Soy-Based Biofuels: Credit Comparison (2023)
Category | Biodiesel | Renewable Diesel | Total |
---|---|---|---|
Gallons of Soy Used | 1.7 Billion | 365.3 Million | 2.1 Billion |
40A Credit (Old Policy) | $1.70 Billion | $365.3 Million | $2.07 Billion |
45Z Credit (New Policy) | $560.3 Million | $55.8 Million | $616.1 Million |
Net Reduction in Support | –$1.14 Billion | –$309.5 Million | –$1.45 Billion |
A Matter of Incentives
In 2023, soy-based biofuels accounted for 2.1 billion gallons of fuel, amounting to approximately 28 million acres of soybeans assuming typical yields, according to data from the U.S. Energy Information Administration (EIA) and the Federal Reserve Bank of Kansas City. Under the previous 40A Biodiesel Tax Credit, each acre earned an estimated $75 incentive using a U.S. average of 50 bushel per acre. Under the Inflation Reduction Act (IRA) version of 45Z, that drops to just $25 per acre for biodiesel and a mere $11 for renewable diesel, as illustrated in the table on this page. This is improved for the OBBB version of 45Z, but the numbers are still not as good as under the previous 40A legislation.

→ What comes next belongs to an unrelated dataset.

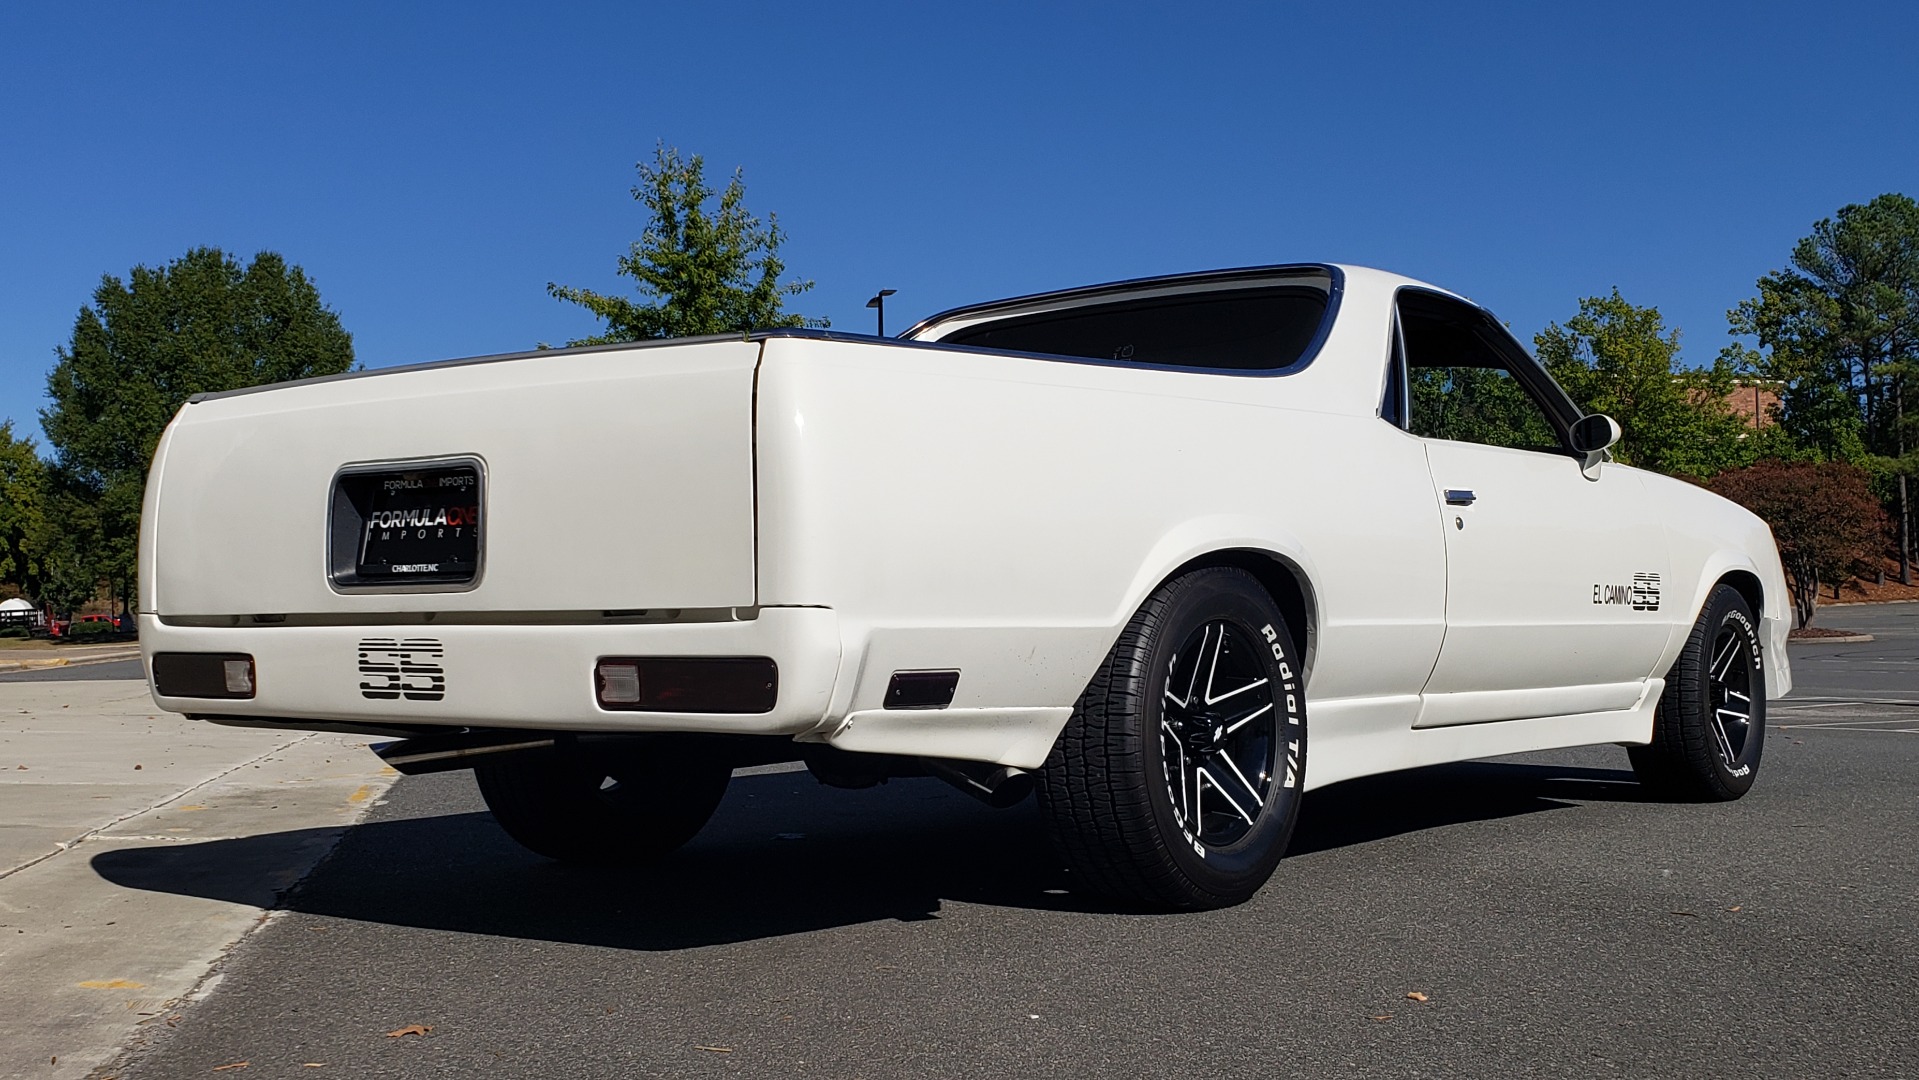 Used 1979 Chevrolet EL CAMINO SS / NEW 350 V8 / AUTO / COWL HOOD / CUSTOM SOUND / FLOWMASTERS for sale Sold at Formula Imports in Charlotte NC 28227 4

What this means: The switch from 40A to IRA 45Z represents a 70% drop in biodiesel credits and an 85% drop in renewable diesel credits for soy. The credits are expected to be improved slightly, so we now have a discount of 50% for biodiesel and 65% for renewable diesel.
(Sources: U.S. Department of Agriculture’s Economic Research Service, U.S. Energy Information Administration, U.S. Department of Energy, U.S. Code, American Soybean Association.)
Not All Fuel is Created Equal
The situation pitting waste oil versus U.S.-grown soy oil mirrors the difference between a car being assembled domestically using foreign parts and a car being manufactured in the U.S. There’s a big difference in the two practices, even though on the surface, the final outcome is a car. Domestic soy oil is superior to waste oil, yet policy treats imported biofuel feedstocks as equal — or superior — to the homegrown product.
For example, Illinois Soybean Board members visited a California biofuel plant last year that had previously used 20 million gallons of soybean oil annually. To conform with California’s LCFS, the plant switched to using foreign cooking oil. When board members arrived, the plant had been idled to await used cooking oil imports. The facility refused to restart production using U.S.-grown soybean oil because the LCFS made soy-based biodiesel financially infeasible.
This event served as a wakeup call that CI policies are not designed to support U.S. agriculture. Rather, they’re dismantling it, often at the expense of the exact stakeholders who helped launch the biofuels industry.
Structural Reform Can Reverse this Trend
The domestic-feedstock-only policies passed in the OBBB are a step forward in correcting this problem, but they’re just a BandAid fix. The underlying problem remains: Carbon intensity scoring programs still promote waste feedstocks over U.S. soybean oil.
Agricultural and biofuels policy experts are chasing “domestic feedstocks” headlines and must start tackling the root cause of these recurring policies: Politically oriented, carbon-intensity-modeling-based incentives.
In 2022, the IRA drastically changed biofuel policy, and the Trump Administration, with Republican support, drastically restructured 45Z. If history is telling, changes in leadership could create more uncertainty and the need for restructuring biofuels policies in the future. For that reason, Illinois soybean farmers should stay informed about these policies given their direct impact on the bottom lines of farmers around the state.